Final Report Summary - TRAVERSE (Towards Very Large Scale Human-Robot Synergy)
* A summary description of the project objectives:
Distributed multi-robot teams consisting of a large number of robots operating in close cooperation with humans is fundamental for a variety of scenarios where robotics and automation technologies are being employed increasingly. The aim of this project was to study how to achieve maximum synergy between teams of robots and humans, without jeopardizing human safety and comfort, within the constraints of resources, e.g. computational capacity of the robots, sensor and actuator costs.
The first core objective of this project was to develop cooperative methods for robot team perception functionalities that are scalable to a very large number of robots.
The second core objective was to model and study human and system factors that affect joint task efficiency when human operators interact with large scale robot teams in order to perform a collaborative task. These factors could include human abilities to reason about space, their memory, ease of interaction with the multi-robot system, etc.
* A description of work performed since the beginning of the project.
Concerning the first objective
-- A highly scalable method for multirobot cooperative perception (CP) was developed. CP in this context included robot-self localization, teammate localization and target tracking.
-- A model-based approach for person-detection using an RGBD sensor was developed and implemented in a real robot scenario.
-- A novel method for cooperative stereo vision-based target tracker was developed and implemented on a team of two aerial robots.

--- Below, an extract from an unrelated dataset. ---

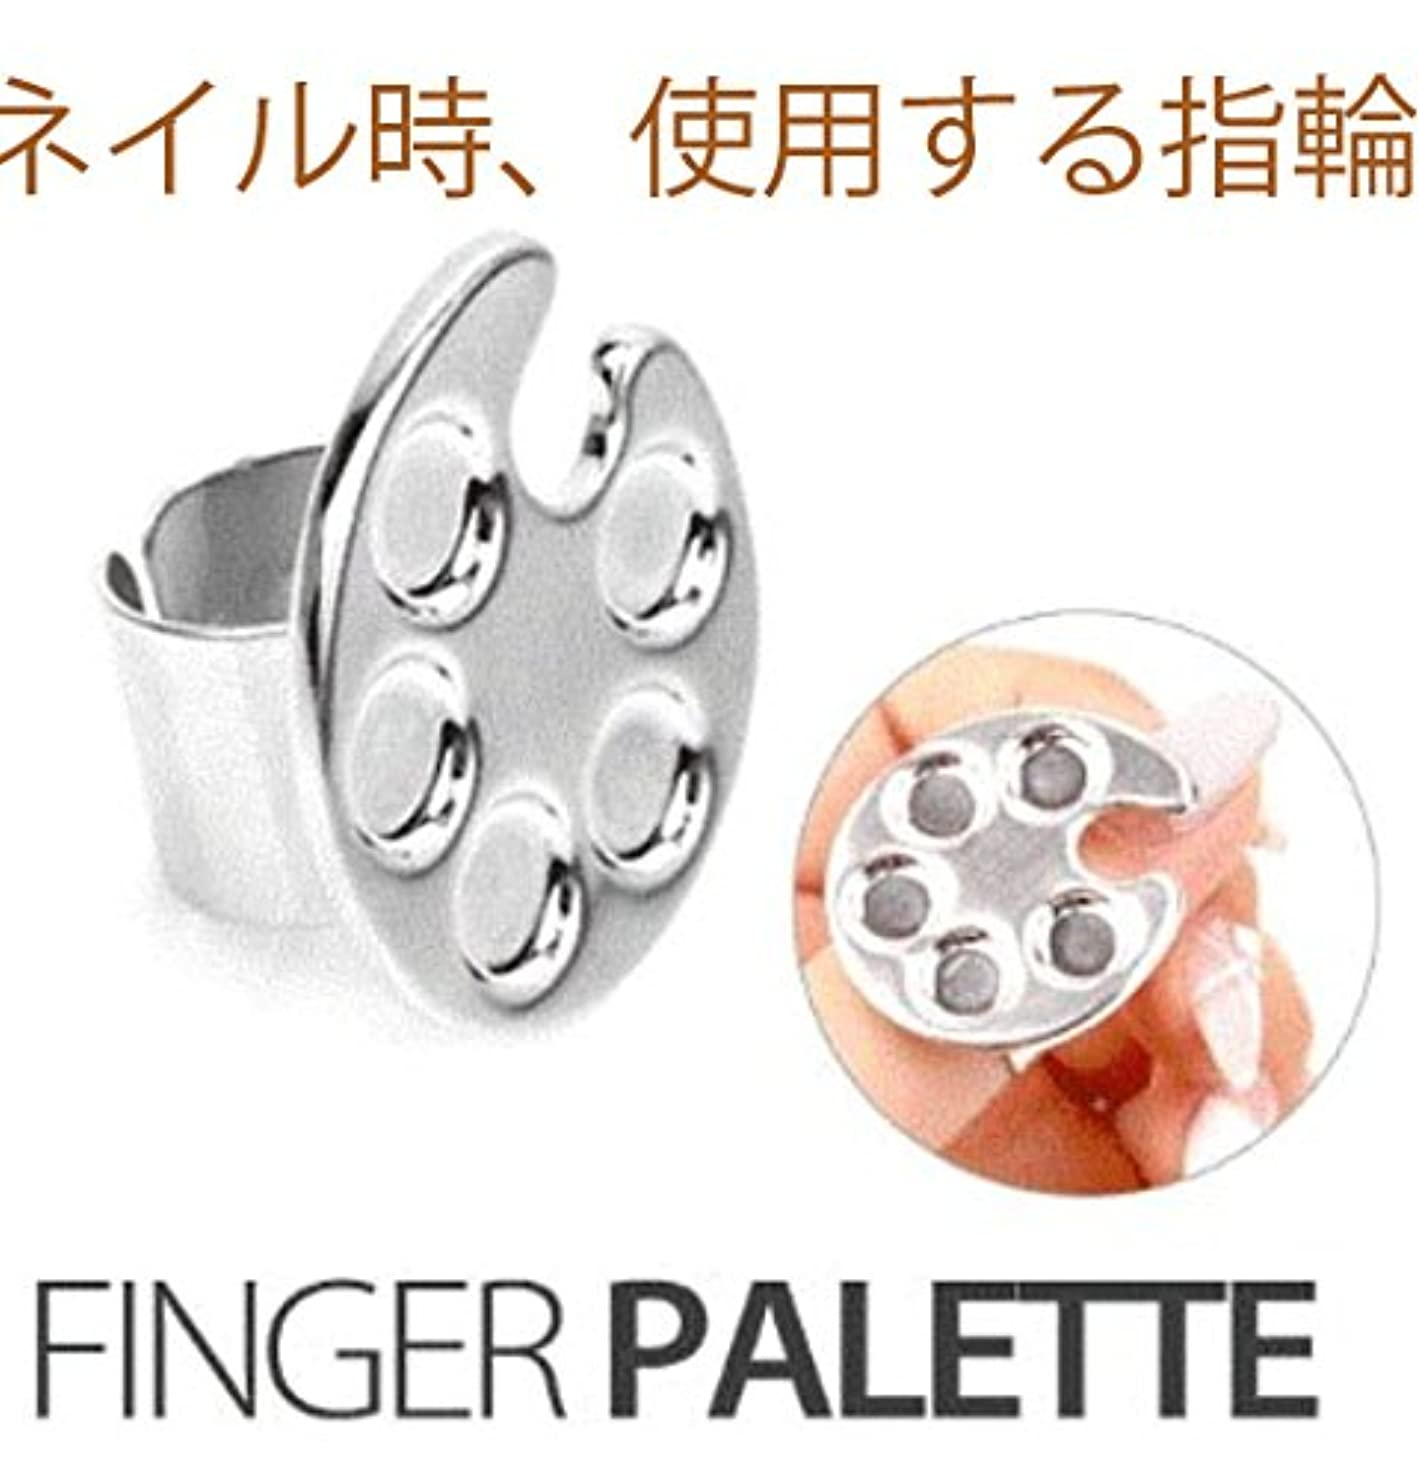 ローンラリーベルモント全体ネイルアートが楽になる、、ネイル時、使用する可愛いパレット指輪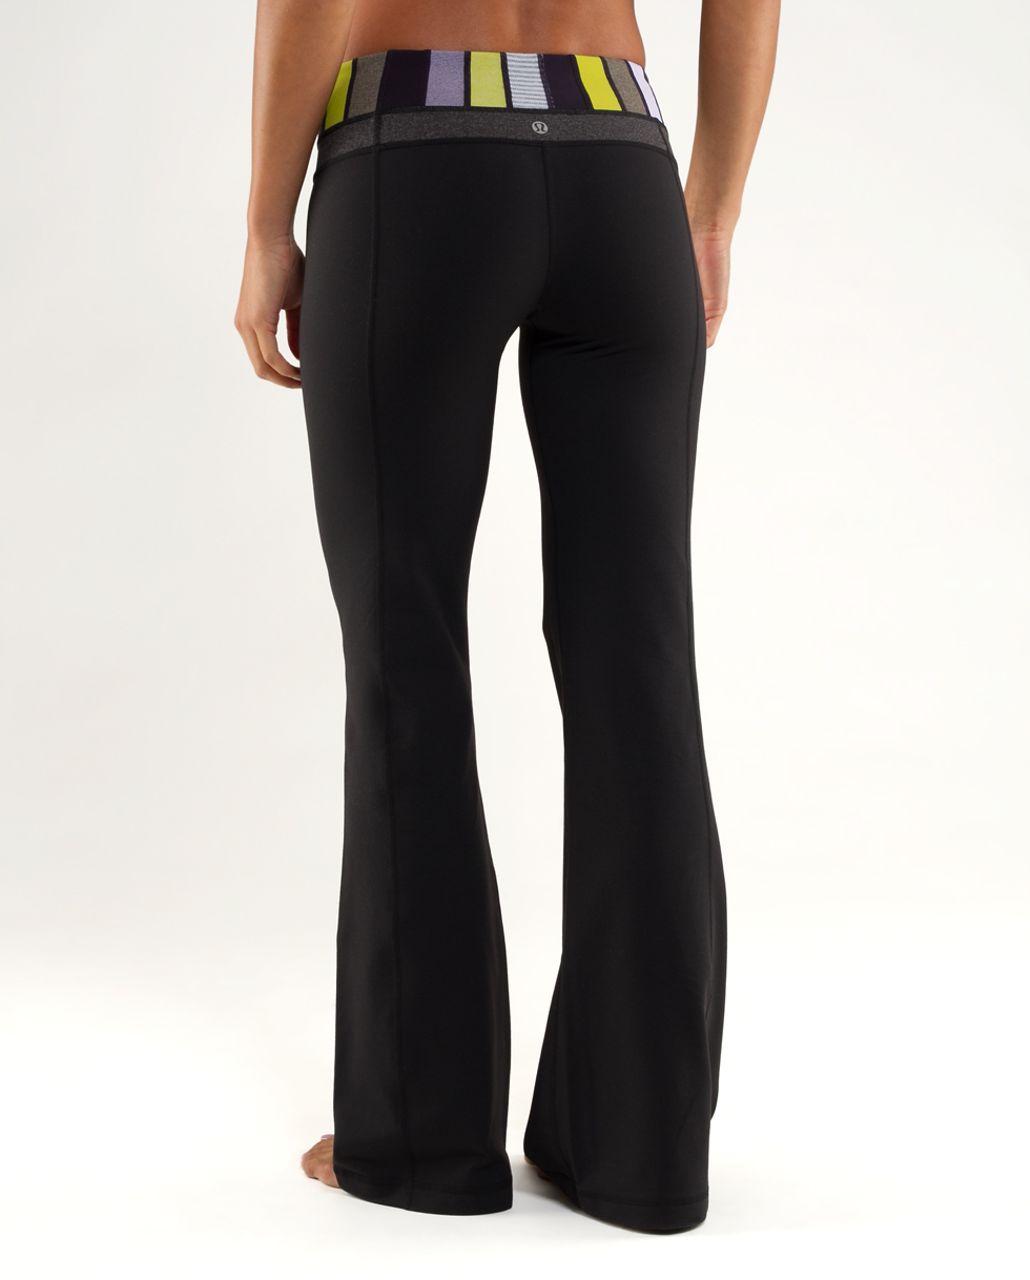 Lululemon Groove Pant (Regular) - Black /  Quilting Winter 1 /  Black Swan Heathered Black Herringbone

Concerning the second objective
-- An experimental framework was conceptualized and developed to study human-multirobot interaction (H-MRI). The joint task in this study was survivor search mission in a disaster-hit scenario. Using this novel experimental framework, an elaborate psychophysical study was performed on 35 human subjects. Various human and system factors were studied within the context of scalable CP.
* A description of the main results achieved:
Concerning the first objective
-- The scalable multirobot cooperative perception (CP) method was implemented and verified on two separate datasets. While the first dataset included a challenging scenario of multiple ground-based robots tracking a soccer ball in a highly dynamic environment, the second dataset included multiple ground-based robots tracking each other at a much lower frequency (than the previous dataset) making the dataset even more challenging. The CP method included an optimization-based estimator that not only runs in real-time and is scalable to a large number of robots but is also asymptotically stable and convergent.
Concerning the second objective
-- Through extensive experiments on a large number of human subjects (35) we found the role of system and human factors on the collaborative task efficiency in an H-MRI search mission scenario within the context of cooperative perception. The first main finding is that the collaborative task is performed much better in a scenario where the robots are fully autonomous in performing exploration of the world while the human operators are tasked only with searching for survivors in the explored regions of the world. When human operators are additionally tasked with controlling the robots, they perform significantly poorer unless they possess good video gaming experience or training.
-- Our second main finding was that there is only a slight benefit in increasing the number of robots in the team performing the collaborative task under the assumption that a single human operator is responsible for the actual survivor search and classification task.
-- We also found that for a small number of robots there is no significant difference in the collaborative task efficiency between a fully controlled multirobot team (where each robot is individually commanded) or a formation controlled team (where the group is commanded as a whole).
* Potential impact and use:
-- Primarily, our scalable CP method is a completely novel approach of estimation where we have explored combining the filter and optimization-based estimation techniques to exploit the benefits of both while overcoming each of their shortcomings. This should open the door for further research in such techniques, specially for obtaining scalability in estimation techniques.
-- Secondly, our findings related to human and system factors in the joint task efficiency of a collaborative human-multirobot team will directly impact human-robot interaction guidelines for developing an effective architecture for human-multirobot search missions. To the best of our understanding, this is a first such project that has studied these factors under the scenario of scalable cooperative perception.